Фатима смеется и прижимается к большому телу.
— Ну и дурак же ты, Серхи. Здоровенный, а дурак. А может быть, ты и гений — не знаю. Но я тебя люблю. — На глазах у нее слезы. Фатима утирает их ладонью.
— Ты серьезно? — спрашивает он, как будто Фатима изрекла какой-то философский постулат.
— Ну конечно, дурачок.
— Уфф, а я думал, ты любишь Логана… — Серхи рукавом вытирает пот. — Я ревную.
— Логан… Бедняга. — Фатима сдувает со лба прядь волос. — Он ребенок. Ты тоже ребенок, но толстый. — Веселье на ее лице гаснет. — Серхи, мы умрем.
— Это я знал с тех пор, как родился. Так, ты собиралась прочитать мне стих.
— Точно. И давай поскорее, потому что я не знаю, когда таблетка начнет действовать. Достанешь мои бумаги? — Поэтесса предъявляет свои израненные руки.
— Ну конечно. — Серхи роется в конверте. — Вот этот. Ты сможешь удержать сама?
— Давай.
Фатима помещает листок между окровавленных пальцев и читает стихотворение, написанное красными чернилами. Она читает красиво, с выражением, с напором. Слушая Фатиму, Серхи глядит в потолок, глаза помаргивают за толстыми стеклами очков.

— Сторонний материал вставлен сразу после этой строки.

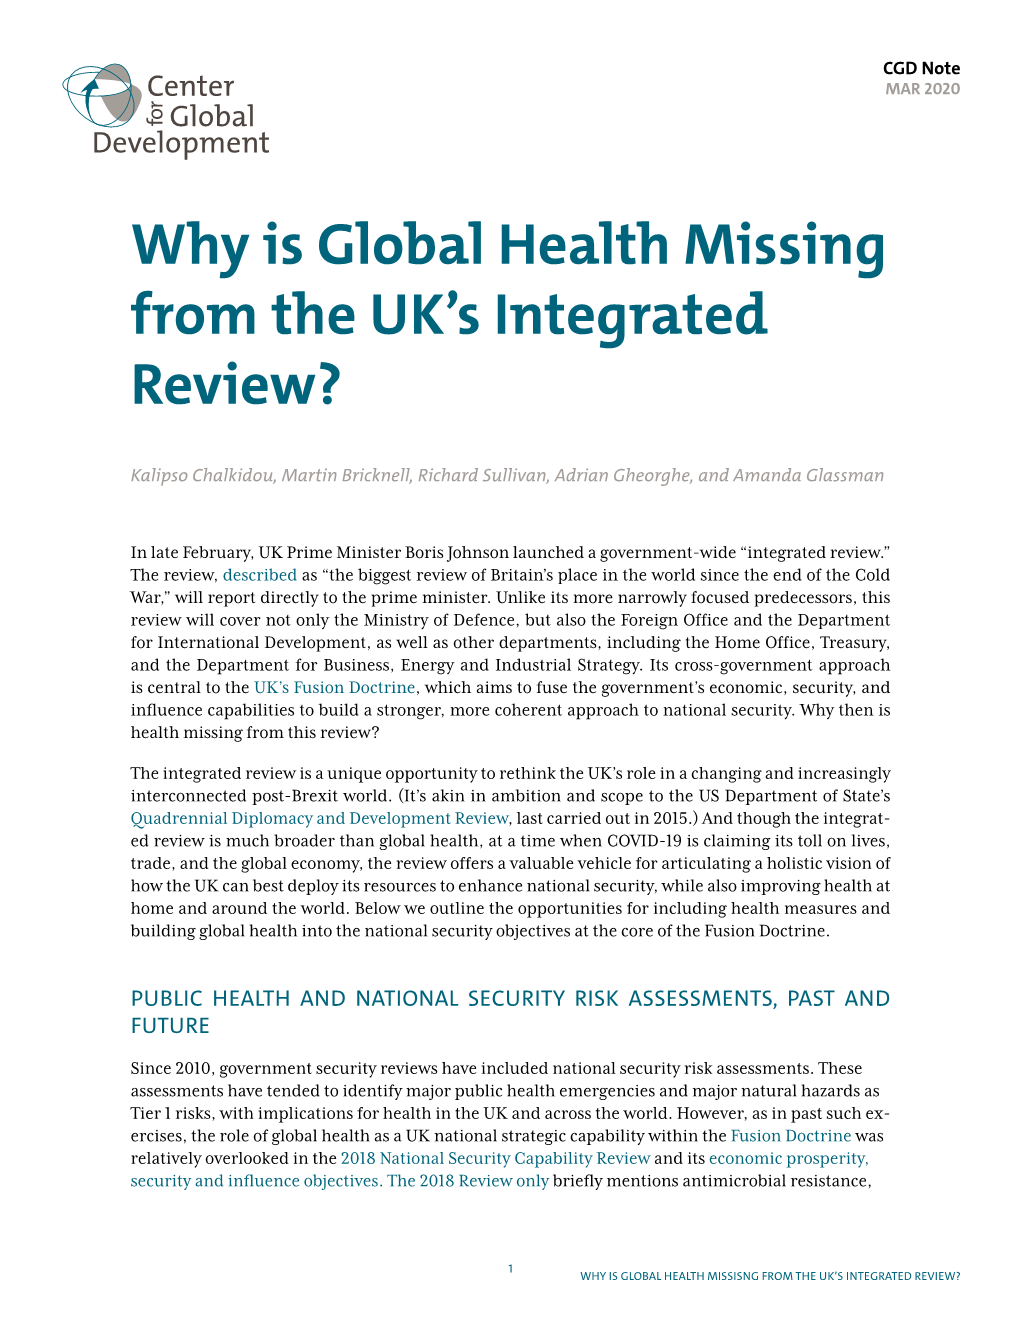 Why Is Global Health Missing from the UK's Integrated Review?

Я долгая смерть цвета топаза,
Живое улыбчивое растение,
Каменная мамба с невесомой головой,
Глаза — как сгоревшие угольки,
Рот — как удар мачете,
Язык и клыки такие быстрые,
Что убивают еще до укуса.
Я серая волчица, я горлинка,
Я распятая чайка,
Океанические глаза льва,
Узкие антилопьи уши,
Я — язык хамелеона,
Стреляющий из его маски
С глазами разбитой игрушки.
Я — лемур, ползущий наверх,
Я шлем, поднятый муравьем
Под пепельным небом.
Я газель с лирой рогов,
Остроконечный носорог,
Безмысленный заяц, бегущий
От безмысленной хитрой лисицы.
Я зоркий рычащий шакал,
Собака, лающая сквозь ночь,
Напуганная, но не слишком,
Как и фермер, гладящий ее по холке,
Я бьющий крыльями сокол,
Орел, разрывающий воздух…
Я — скорпион на могиле.
Глаза у Серхи закрыты. Фатима читает еще немного, потом наступает тишина.